Haakon V Magnusson (10 April 1270 – 8 May 1319) (; ) was king of Norway from 1299 until 1319.

Biography

Haakon was the younger surviving son of Magnus the Lawmender, King of Norway, and his wife Ingeborg of Denmark. Through his mother, he was a descendant of Eric IV, king of Denmark.  In 1273, his elder brother, Eirik, was named junior king under the reign of their father, King Magnus. At the same time, Haakon was given the title "Duke of Norway", and from his father's death in 1280, ruled a large area around Oslo in Eastern Norway and Stavanger in the southwest, subordinate to King Eirik. Haakon succeeded to the royal throne when his older brother died without sons.

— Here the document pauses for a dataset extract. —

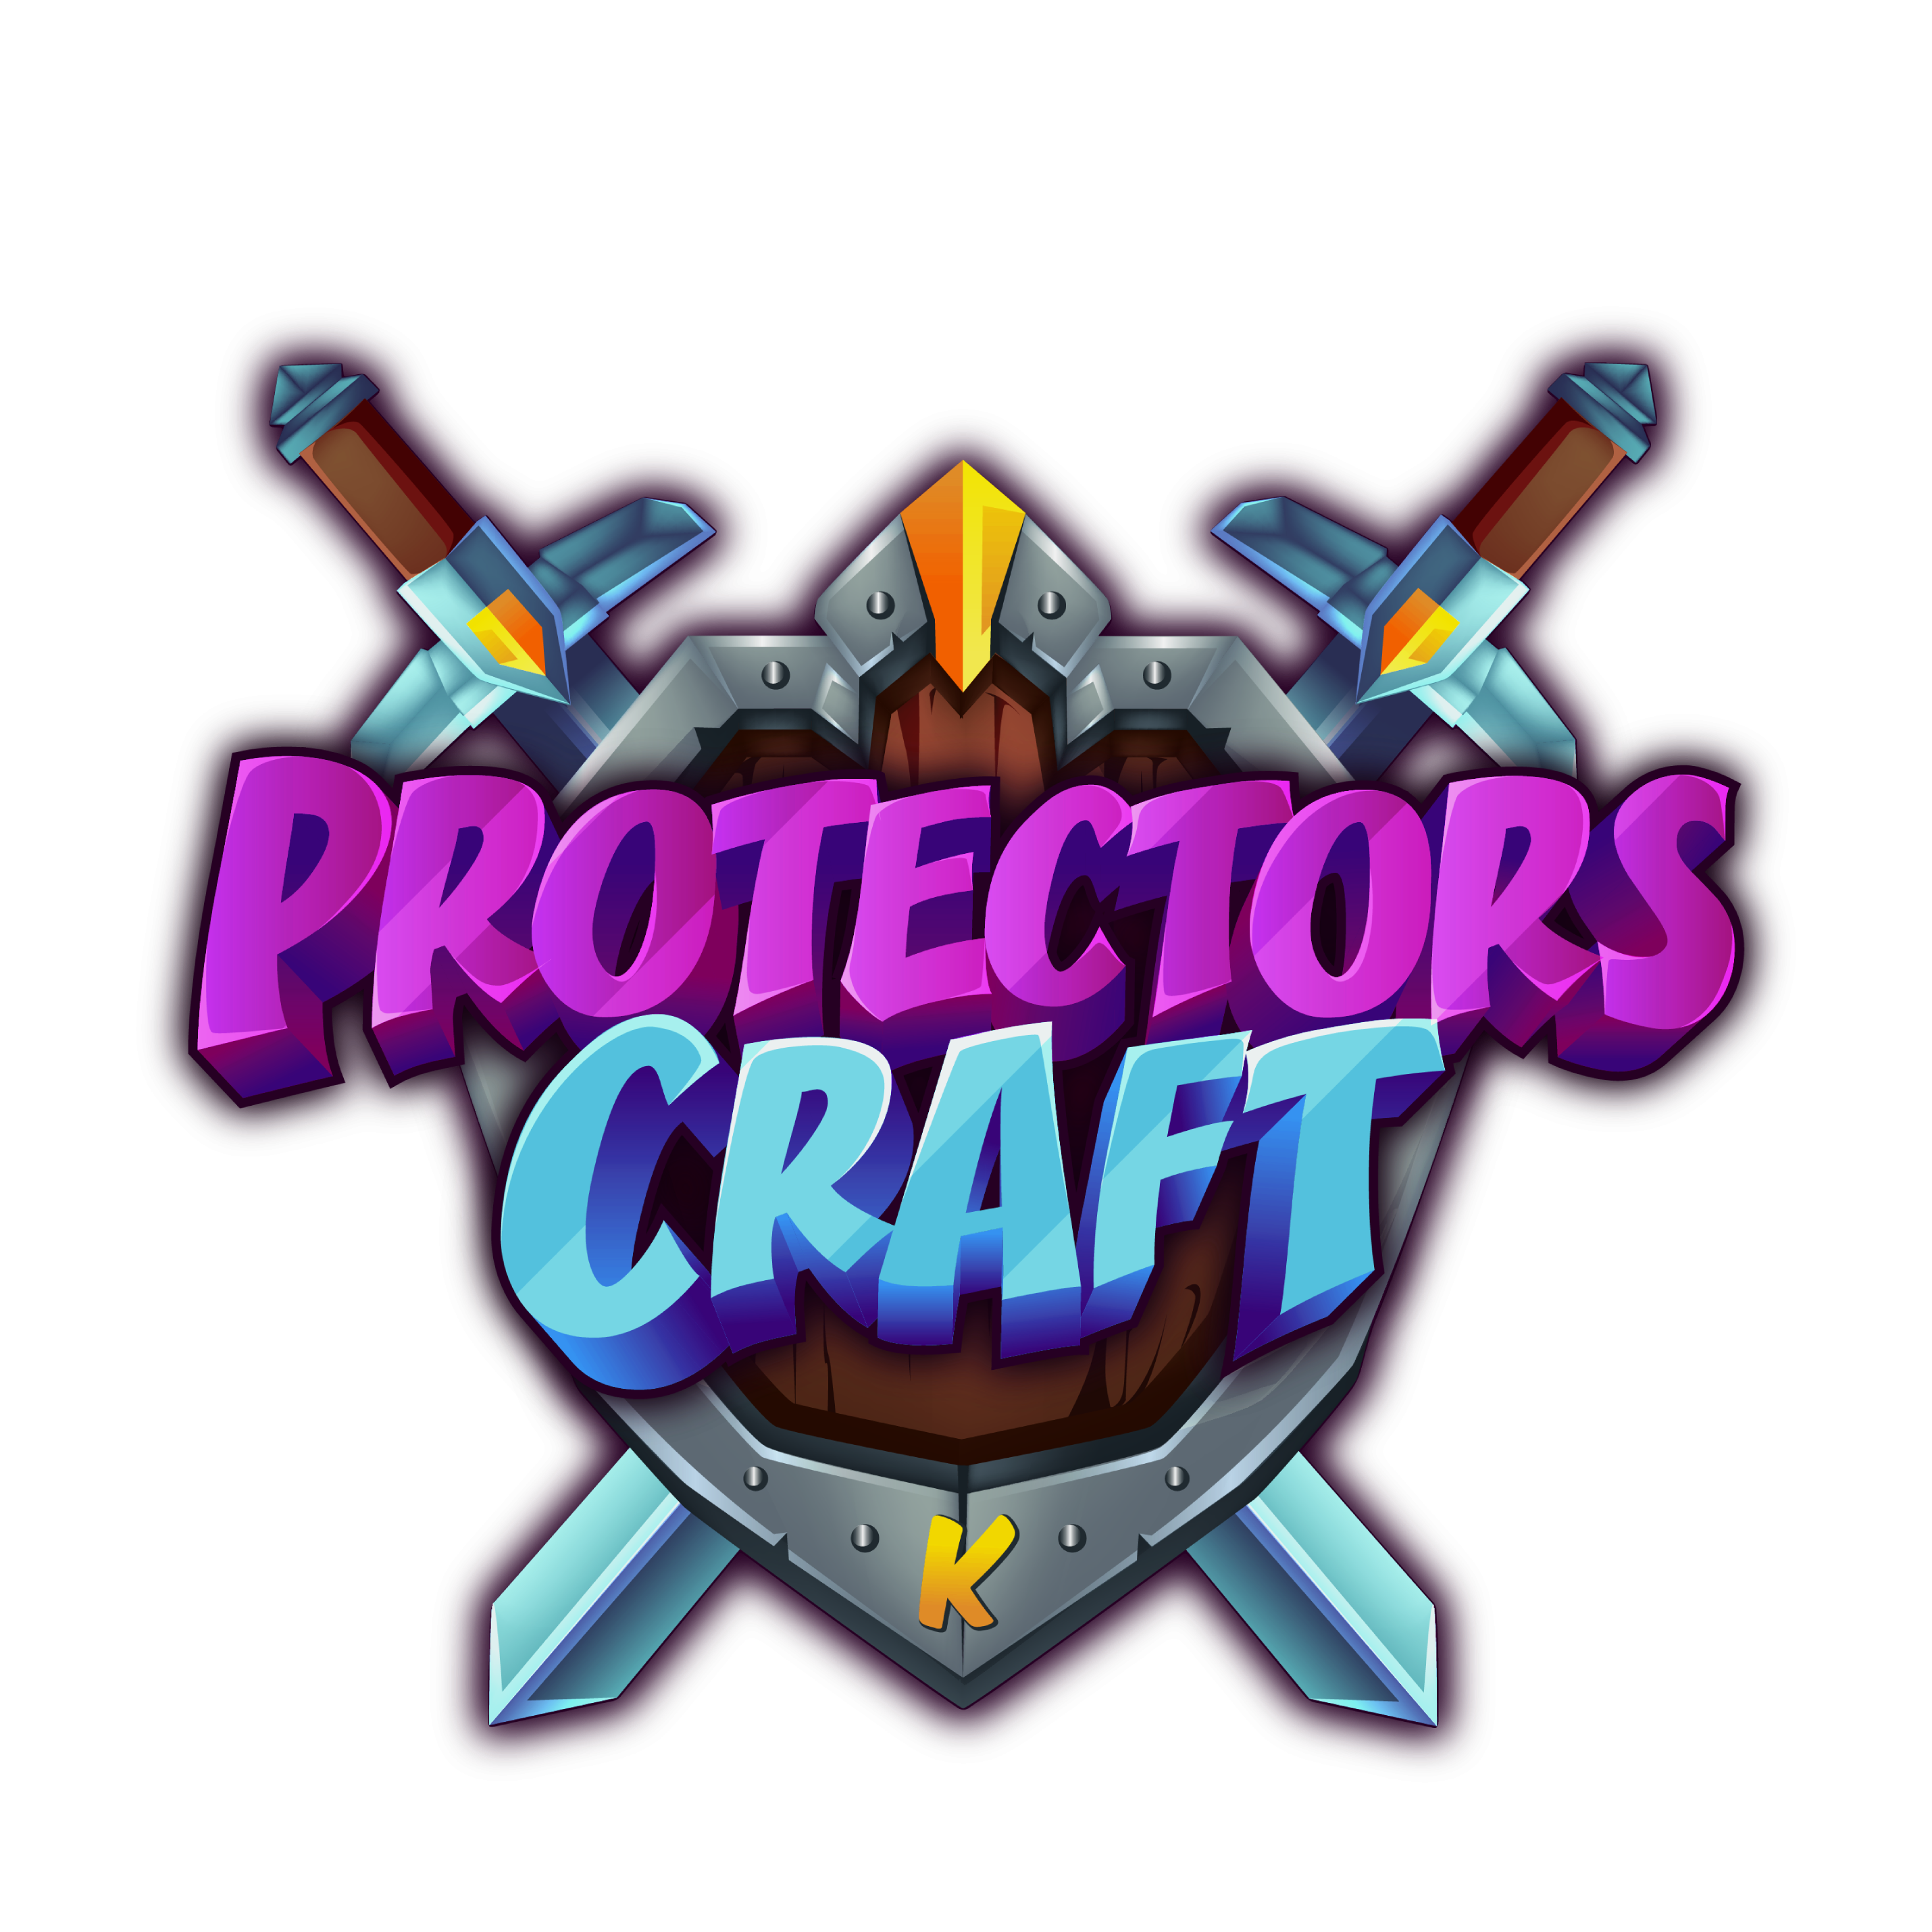 ProtectorsCraft Uptime

In 1295, Haakon married firstly with Isabelle, daughter of Jean I, Count of Joigny, but she died in 1297 without children. His eldest daughter was Princess Agnes Haakonsdatter. Family connections between Haakon V and the later Østby family are probable but not verifiable.  of King Haakon V Magnusson

In early 1299 he married secondly with Euphemia, daughter of Vitslav II, Prince of Rügen, who in 1301 bore him his youngest daughter, Ingeborg Håkonsdotter, since 1312 wife of duke Eric Magnusson of Sweden, a younger brother of King Birger of Sweden. Their son, Magnus Eriksson would succeed Haakon V as king of Norway.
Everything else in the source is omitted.